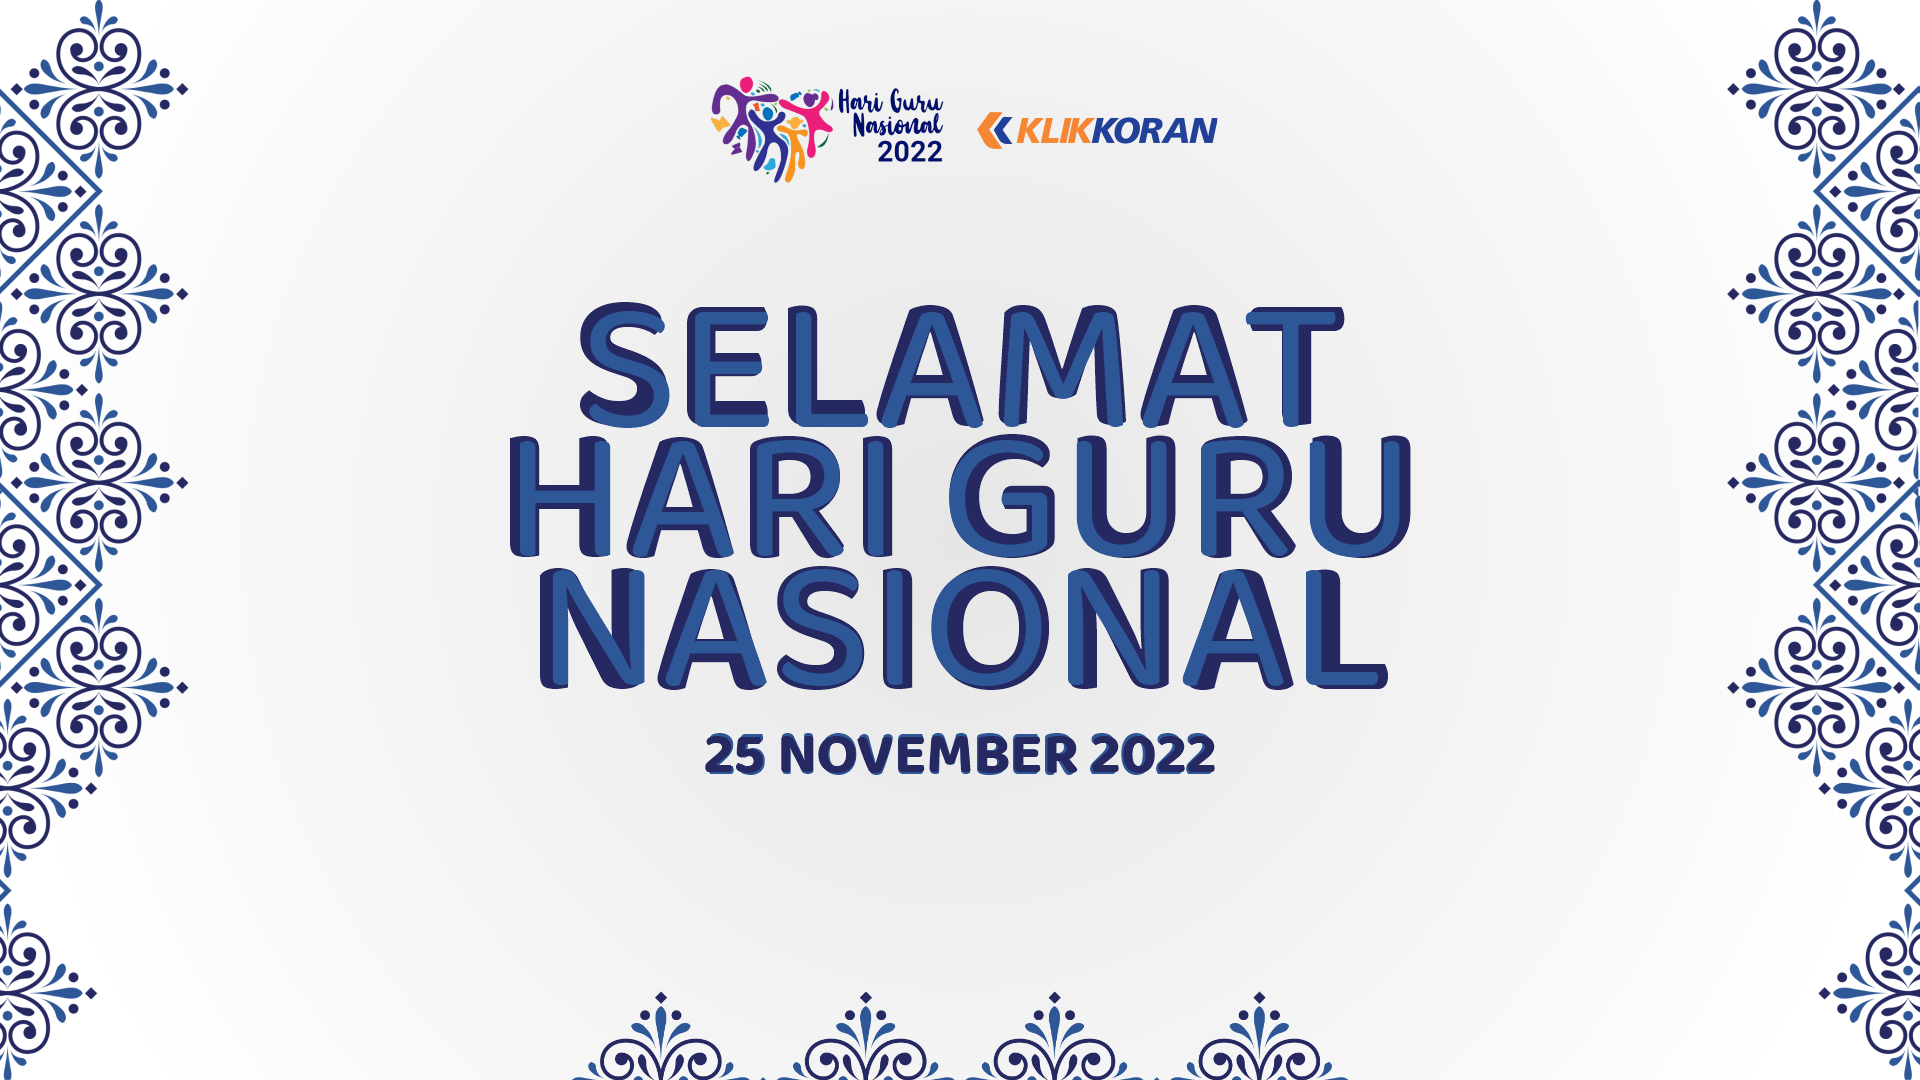 Logo Hari Guru Nasional 25 November 2022 (Foto: Kemendikbud/Klikkoran)
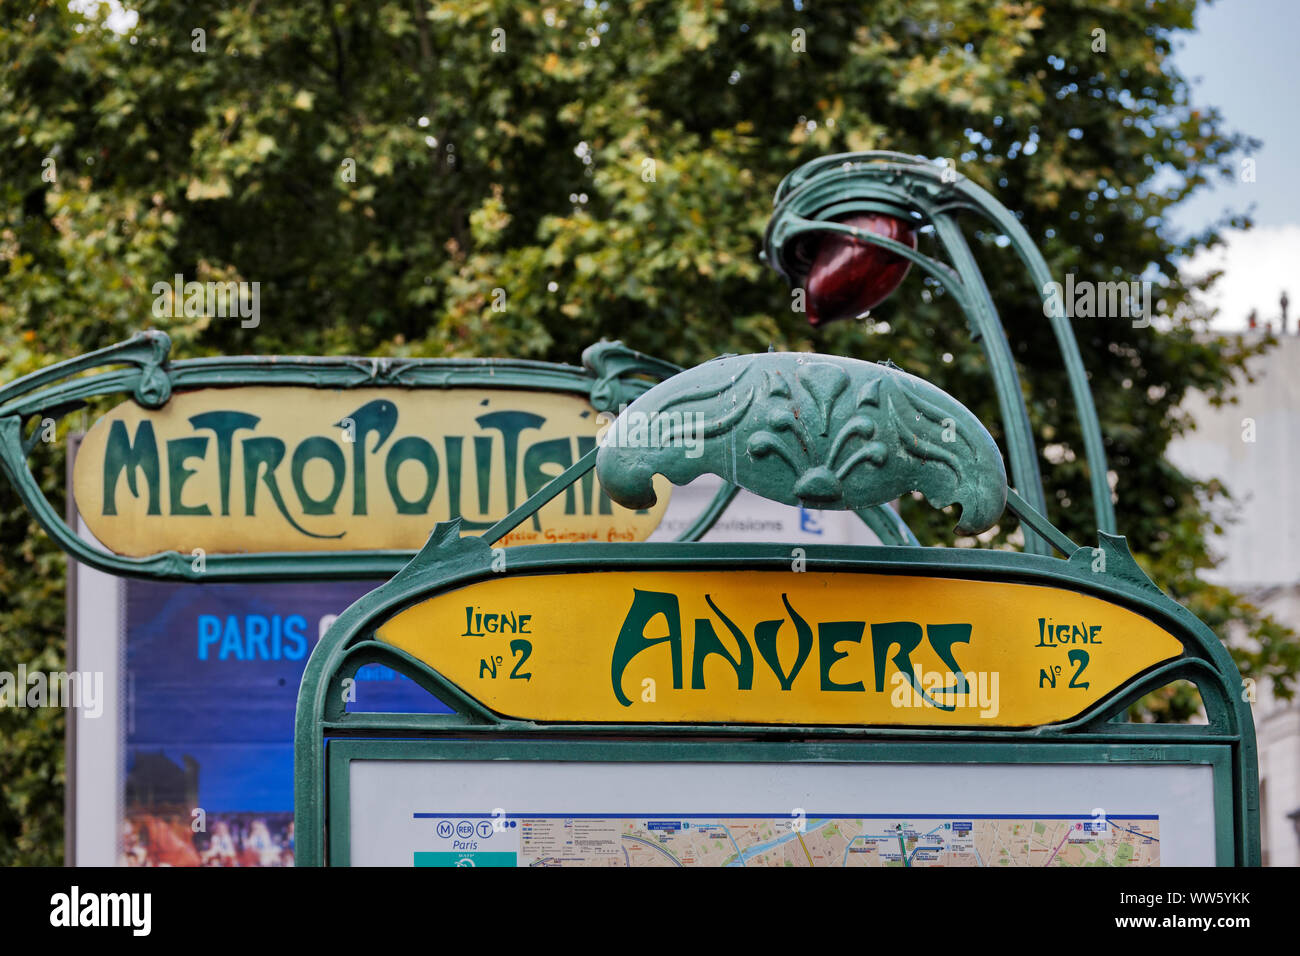 France, Paris, signs, Anvers, Metropolitain, art nouveau Stock Photo
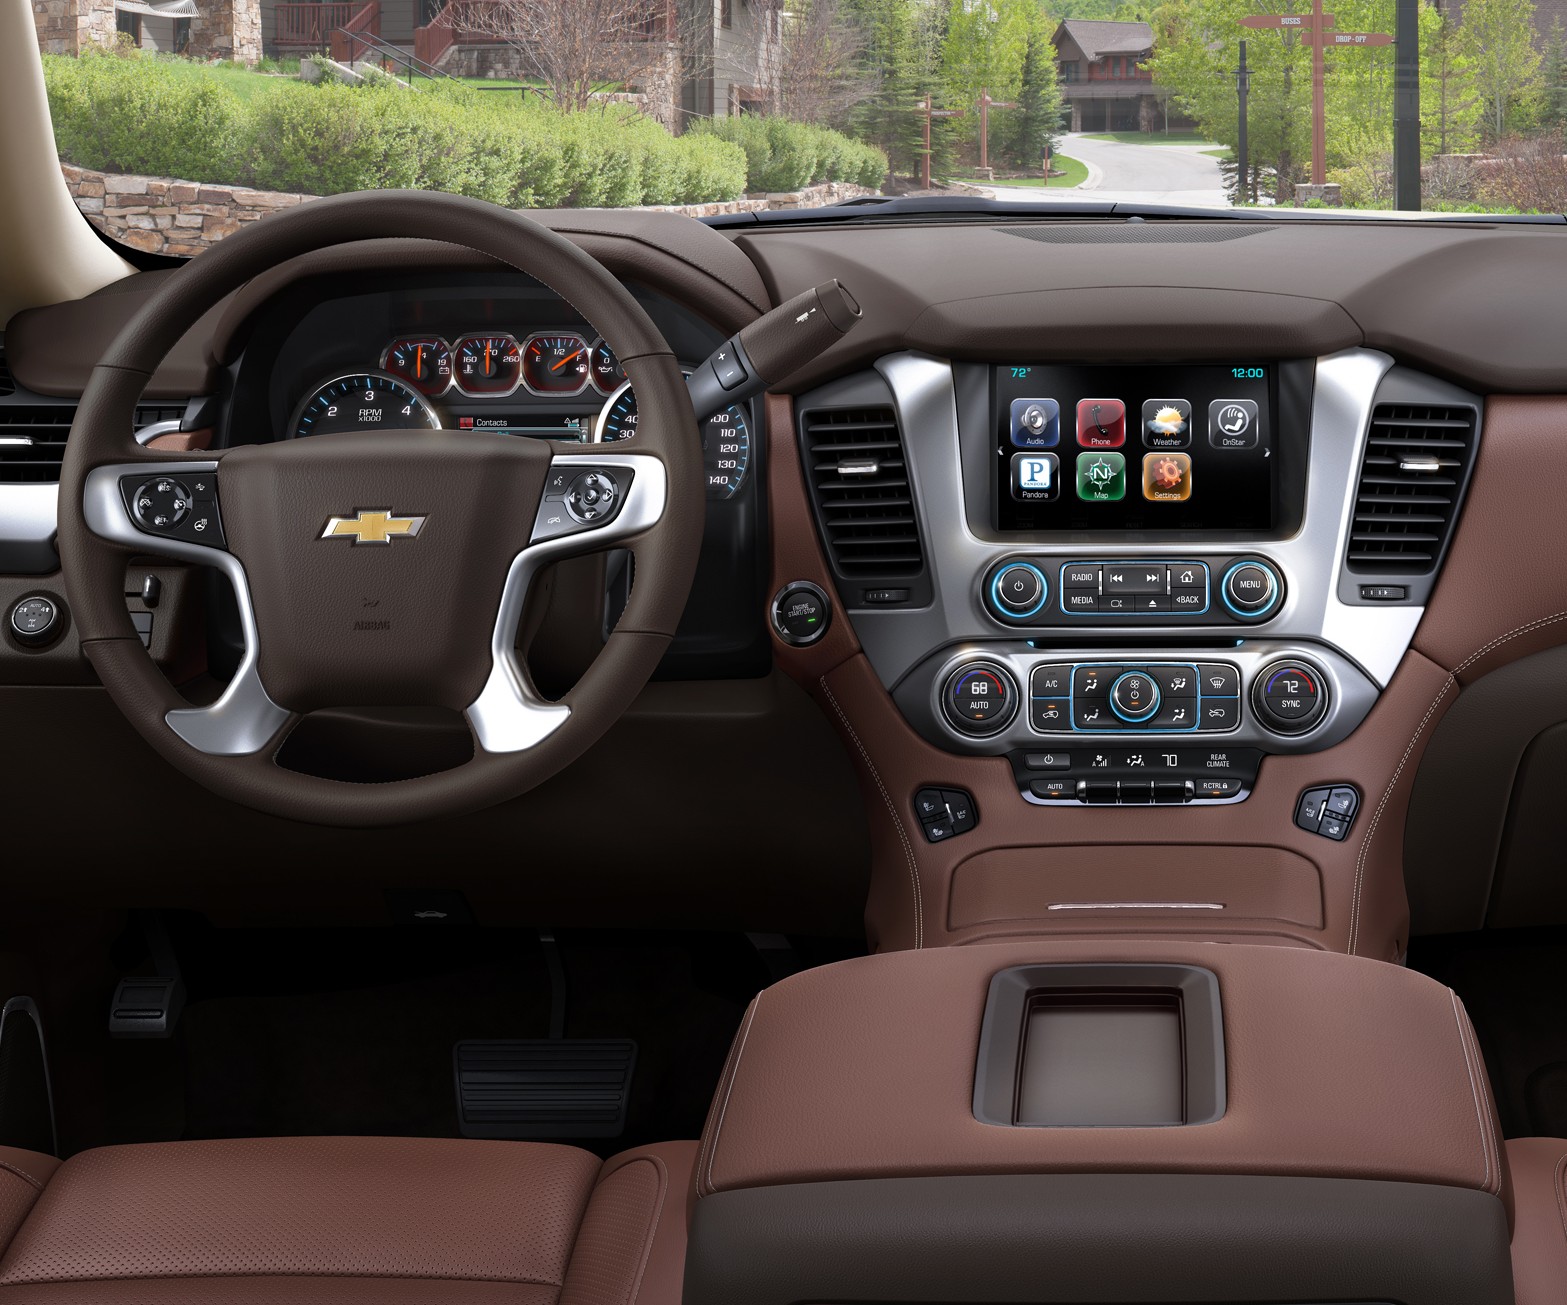 2015 Chevrolet Suburban Center Console
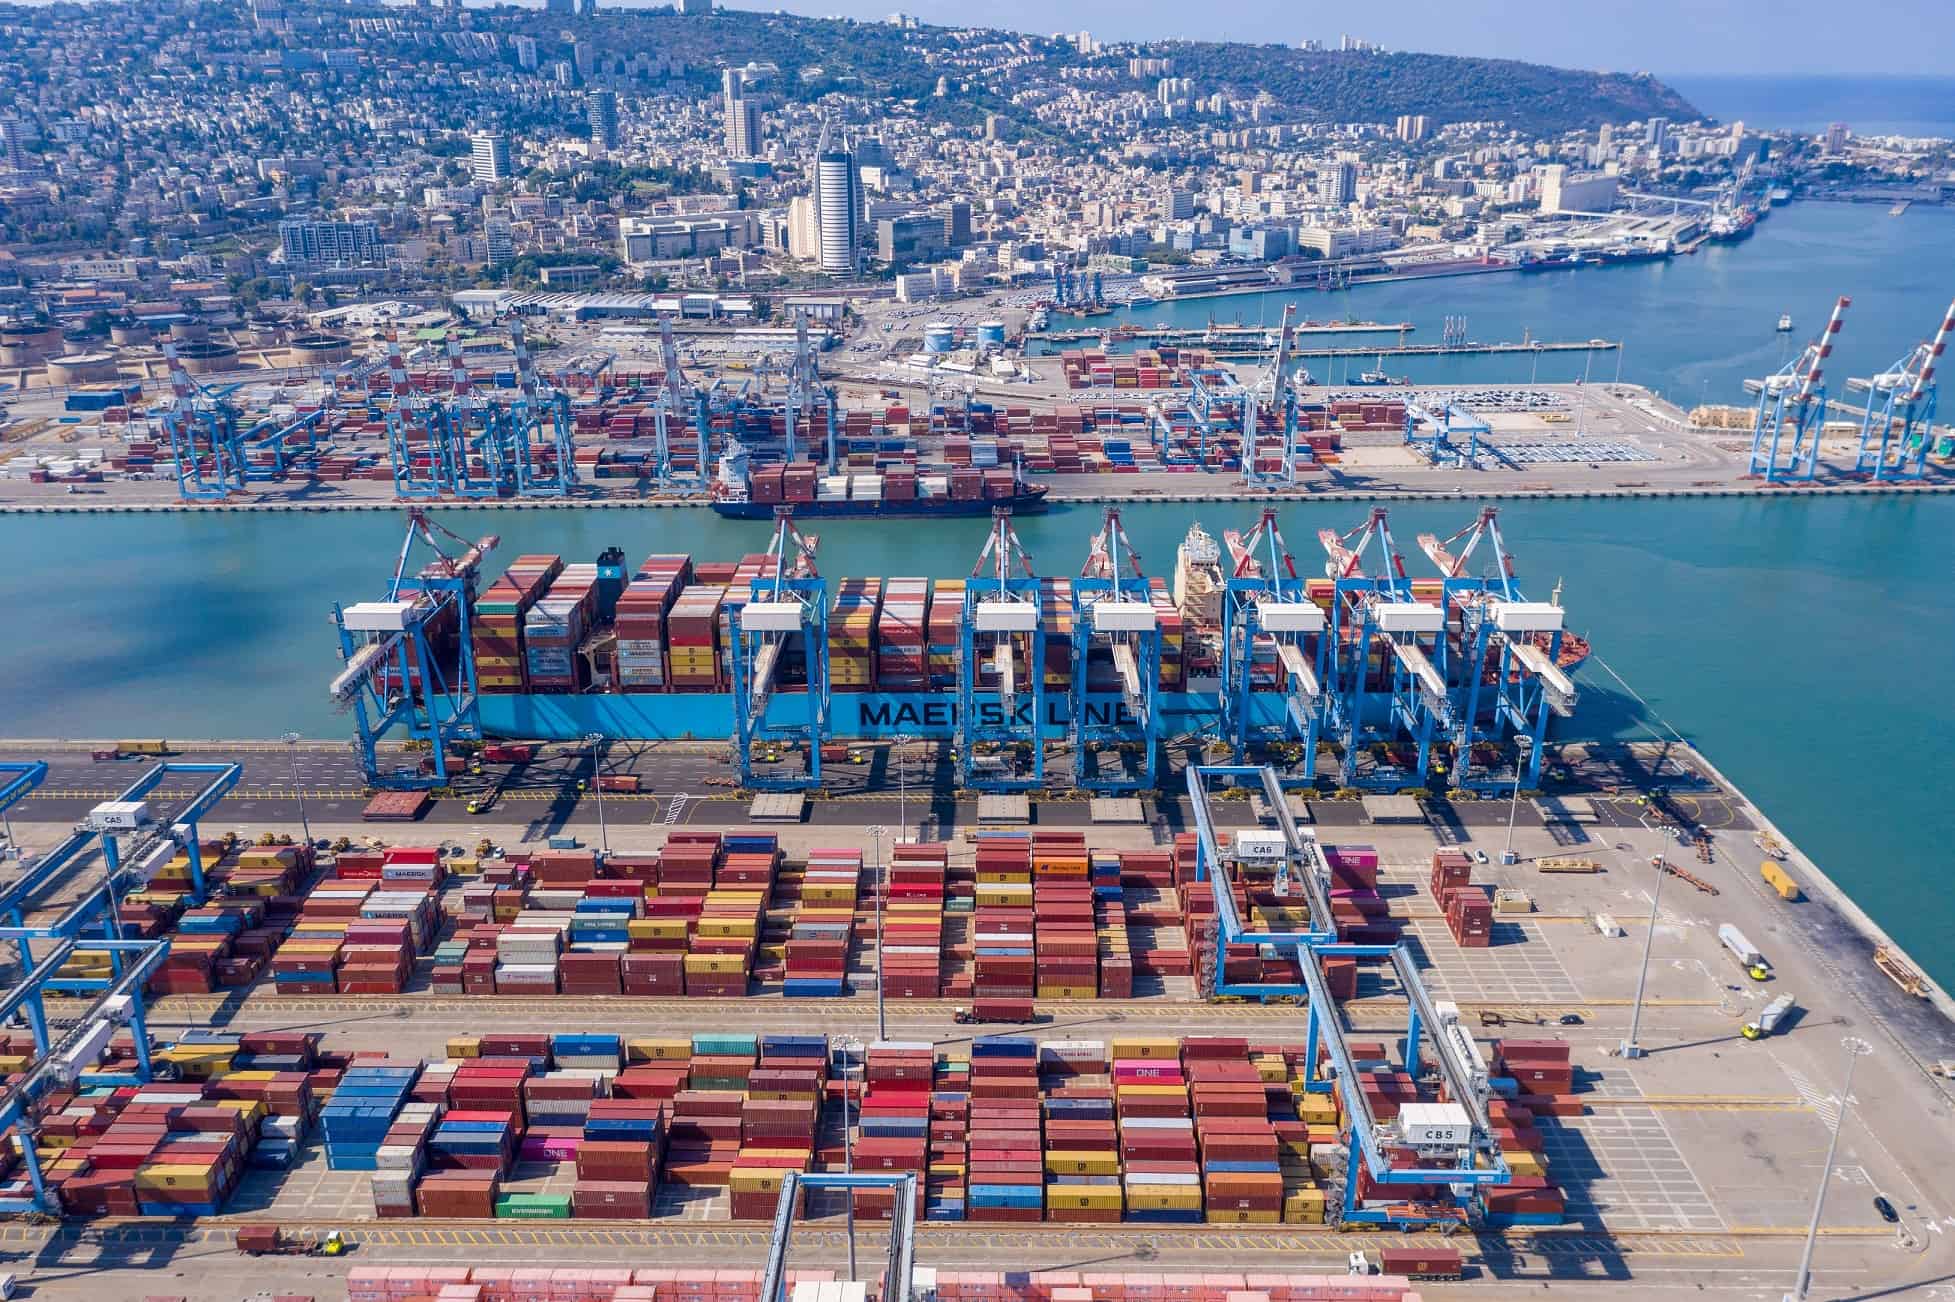 נמל חיפה צילום על שם צלם ליאור פתאל מאושר לשימוש
○ ○ ○
### WHAT YOU HAVE TO DO:
Only the lines from the one containing "2015 Chevrolet Suburban Center Console" through the last line of the data belong in the copy, both included and reproduced exactly. Pictures do not.

### YOUR SOLUTION:
 2015 Chevrolet Suburban Center Console
 נמל חיפה צילום על שם צלם ליאור פתאל מאושר לשימוש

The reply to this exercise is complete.